U.S. Commitment Stands
Beijing was furious and still refuses to accept the law as legitimate, protesting that it represents an “unwarranted intrusion by the United States into the internal affairs of China.” During the course of the last 30 years, they have tested our commitment to Taiwan, built up forces across the straits and hoped that another Jimmy Carter might come along and allow them to force Taipei into submission.
That hasn’t happened yet, of course, thanks to those who stood up for an ally back in 1979 and 1980. Jimmy Carter may not have cared much for the lives and freedom of the 23 million Chinese on Taiwan, but Congress and the American people guaranteed by passing the TRA that Beijing knew the American people wouldn’t allow their government to abandon those on the island.

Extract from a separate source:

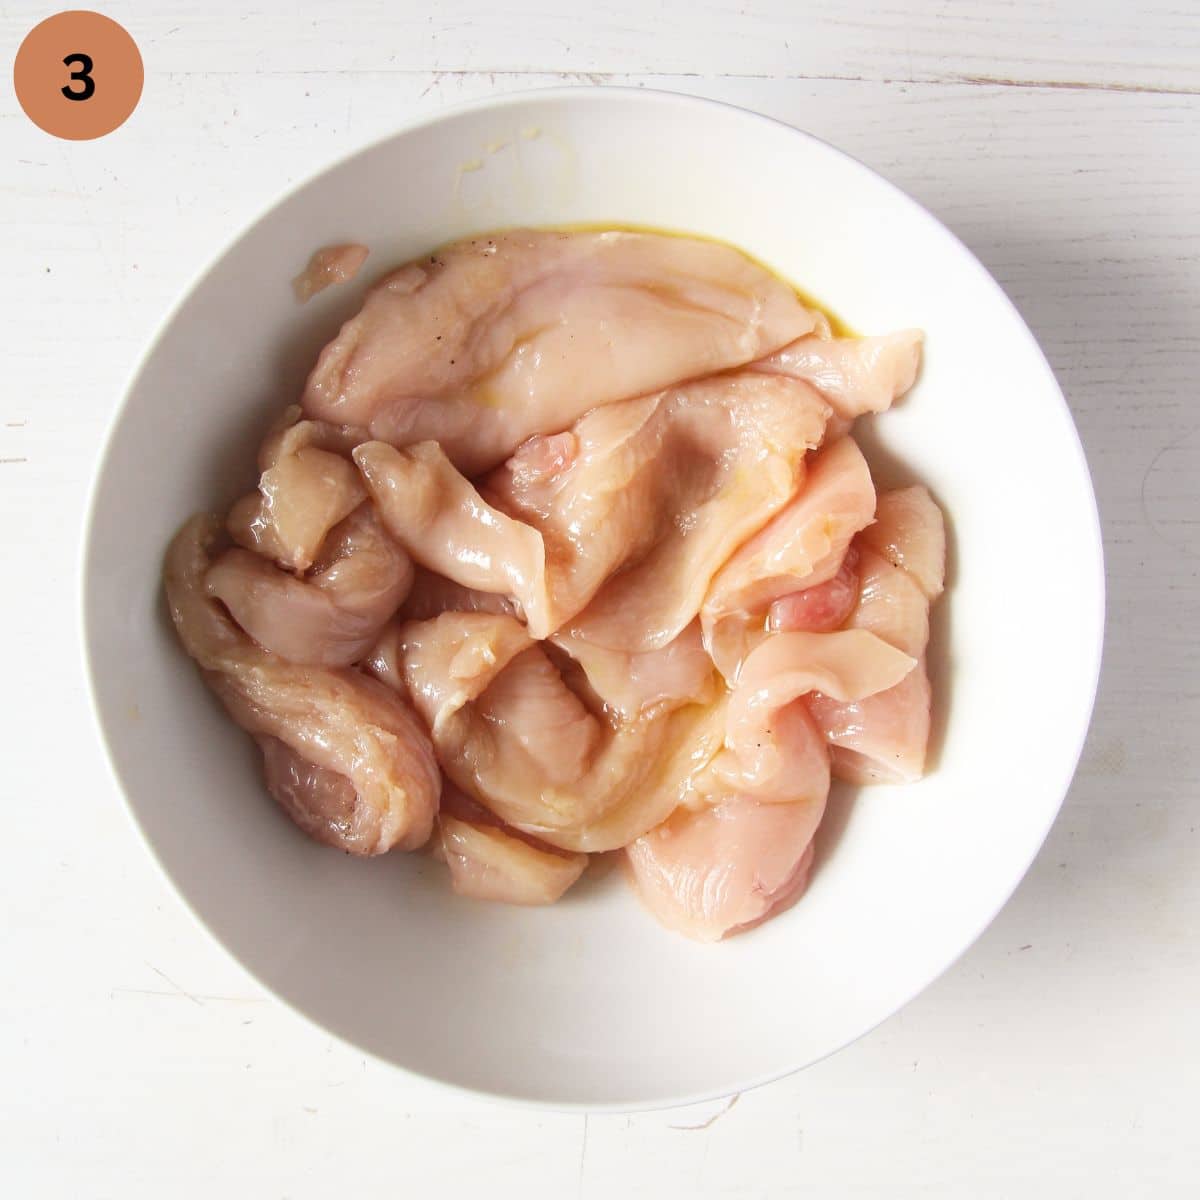 raw chicken pieces in a bowl.

Although the TRA does not actually commit U.S. forces to come to Taiwan’s aid in the event of an attack, Beijing has never been sure just how far the U.S. might go on behalf of our friends on the island, so they have been careful to avoid an incident that might escalate into violence. As a result, they and their counterparts on the island have managed to resolve many practical problems and the citizens of Taiwan have been able to live their lives without the fear that the U.S. might abandon them at any time to the hardly tender mercies of the Peoples’ Liberation Army.
This month marks the 30th anniversary of the passage of the TRA, and anyone who has ever visited the island knows that few acts of Congress before or since have had as admirable an impact.